Abu Mazen's stance has some internal logic to it, however. Arutz-7's Haggai Huberman reports that Abu Mazen has no interest in strengthening his Hamas enemies, who currently run the Palestinian Authority. (In today's Fatah-Hamas gunfighting in Gaza, a bystander was killed - bringing the total to eight this month - and three men were wounded.)
In any event, efforts are underway by some members of the European Union to find a way to pay the salaries without giving the money to the Hamas-led government. This, despite the fact that the original purpose of the boycott against Hamas was to cause its government to fall. For this reason, the U.S. opposes the initiative.

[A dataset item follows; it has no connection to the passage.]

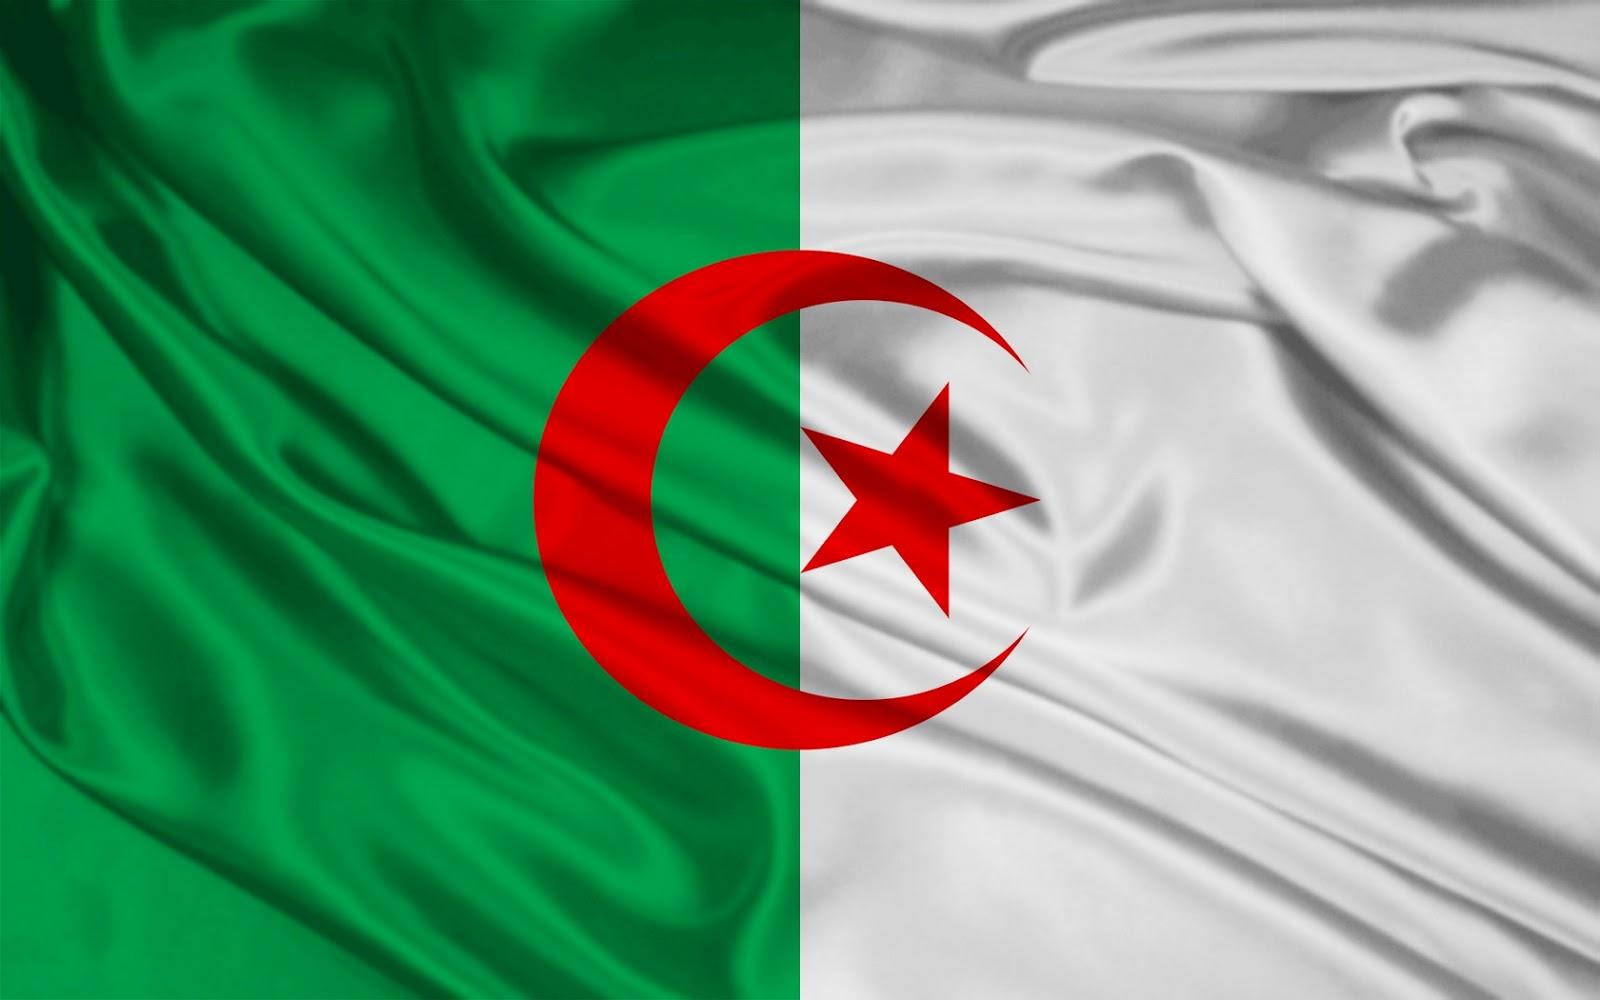 صور علم الجزائر , خلفيات ورمزيات الجزائر , صور متحركة لعلم الجزائر 2016 , Algeria new_1422333361_172

On the other hand, the Quartet - the United States, European Union, Russia and the United Nations - are still interested in funneling money for "humanitarian purposes" into the Hamas Authority. Israel, for its part, approved 50 million shekels in such aid just yesterday. It is not clear what is included in the "humanitarian" category, however. "If you pay for medicines, does that mean that you also pay the salaries of the PA-employed doctors?" asked Huberman. "And what about education and PA-employed teachers? These issues are still unclear."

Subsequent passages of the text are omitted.